Spotify Officially Launches Play Store Pilot “User Choice Billing”

Photo credit: Mitchell Luo

In March, Google and Spotify announced a “revolutionary” agreement for “user-choice billing”, which gives subscribers the choice of paying for the music streaming app through Google Play Billing or the Spotify platform. herself. Now, companies have officially started rolling out direct billing in “selected markets.”

The Stockholm-based streaming service instead pointedly touted the start of the payment option’s test via an official announcement post; Spotify remains embroiled in a long-running dispute with Apple over App Store fees and policies.

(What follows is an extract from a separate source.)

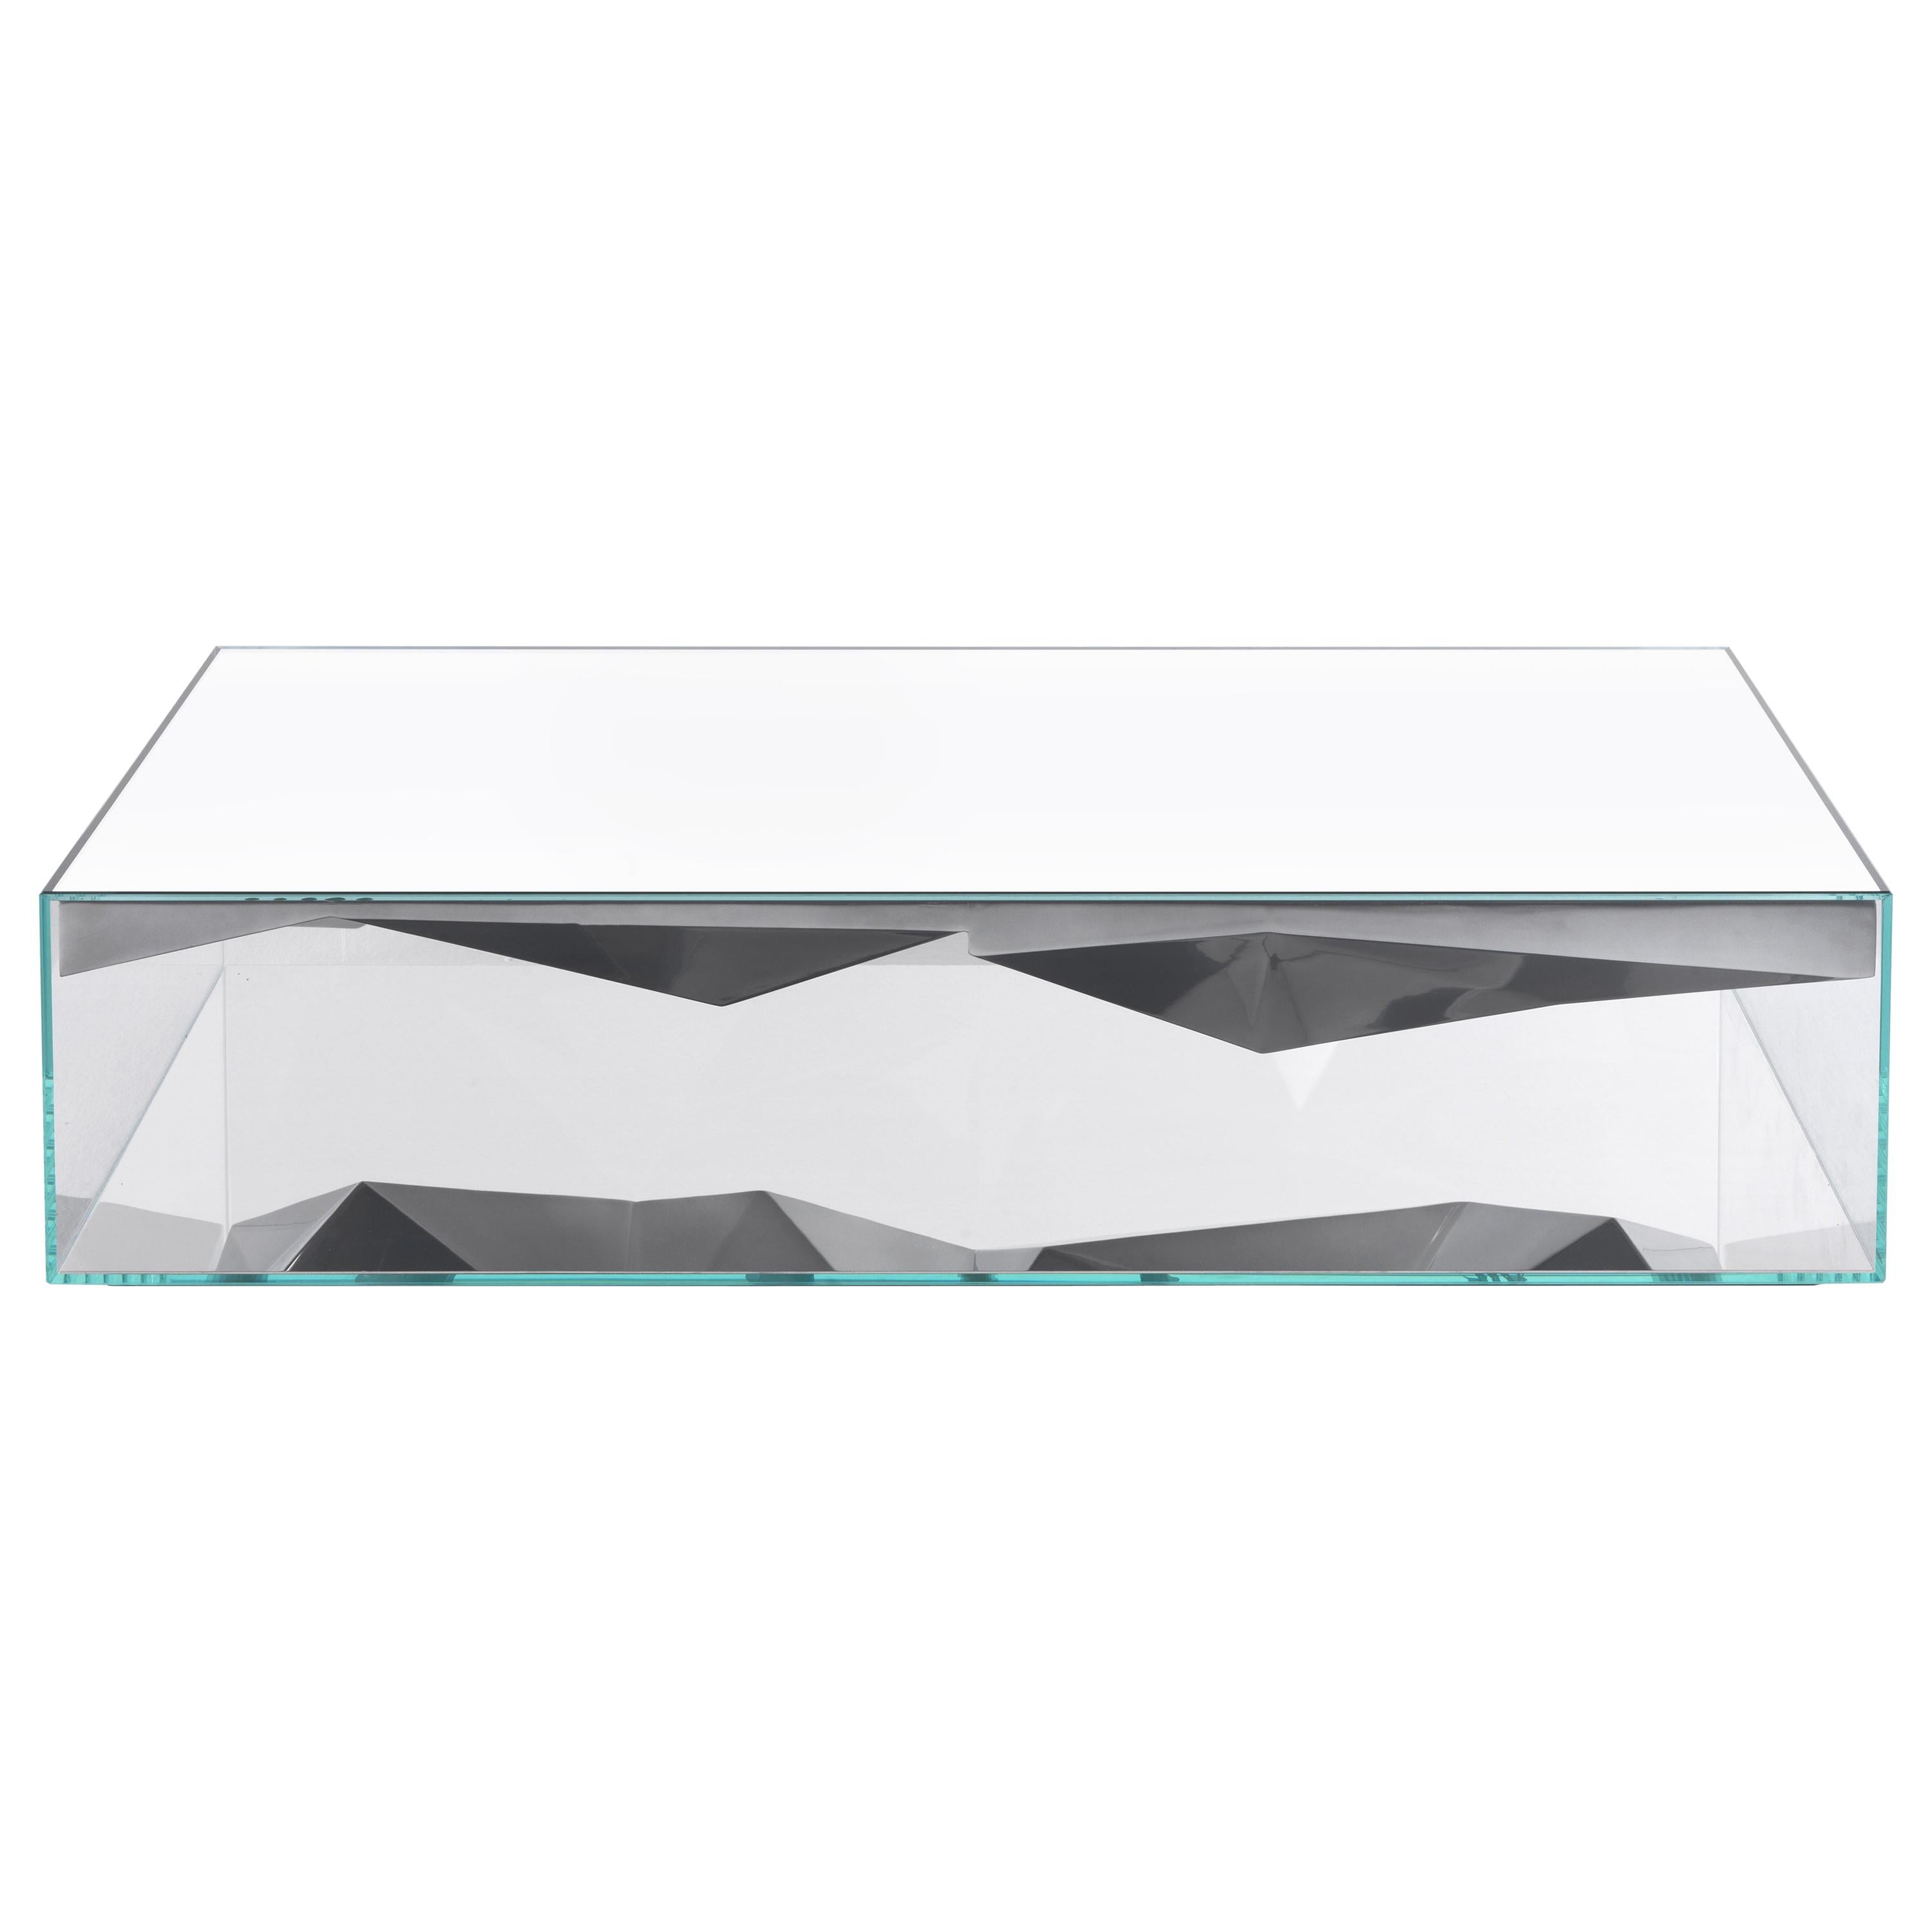 21st Century Dolmlod ‘Rectangular’ Central Table in Glass and Mirror by CTRLZAK For Sale

And Google, for its part, has made it clear that other non-gaming Android developers can also apply to participate in the pilot, which is currently expanding to countries in the European Economic Area as well as Australia, Brazil, India, Indonesia, Japan, South Africa, and the United States

Spotify doesn’t appear to have publicly identified the specific countries in which it has already added user-choice billing, but executives have communicated plans to “expand our test to even more markets” over the “coming weeks.” “.

Predictably, given the aforementioned App Store dispute with Apple, Spotify also took the opportunity to compliment Google, which the music service says is working “to help level the playing field.” Game”.

“Google has taken a bold step to help level the playing field,” Spotify wrote, “but this is just the beginning. We look forward to testing, learning, and iterating on an ever-improving experience to our users in markets around the world.

On that front, it emerged in late October that Apple had rejected Spotify’s latest update – including support for audiobooks, which the platform adopted in September – at least three times.

Although said update was eventually accepted after Spotify removed in-app verbiage about purchasing audiobooks through its website, according to reports, the process (and overall dispute) stands in stark contrast to the update. available the latest version of the application on the Play Store. To be sure, Google would have quickly approved the Spotify update.

Meanwhile, in September, Spotify chief Daniel Ek personally traveled to Brussels in a bid to “speed up” the European Union’s investigation into the App Store’s 30% fee on certain in-app transactions. Spotify first filed the underlying antitrust complaint in March 2019, and the European Commission launched an investigation into the matter in June 2020.

At the time of this writing, Spotify (NYSE: SPOT) stock was up nearly 5% from Thursday’s close, for a price per share of $82.01. The 16-year-old firm sparked another round of layoffs days ago and is reportedly considering a deal to buy Middle Eastern streaming platform Anghami.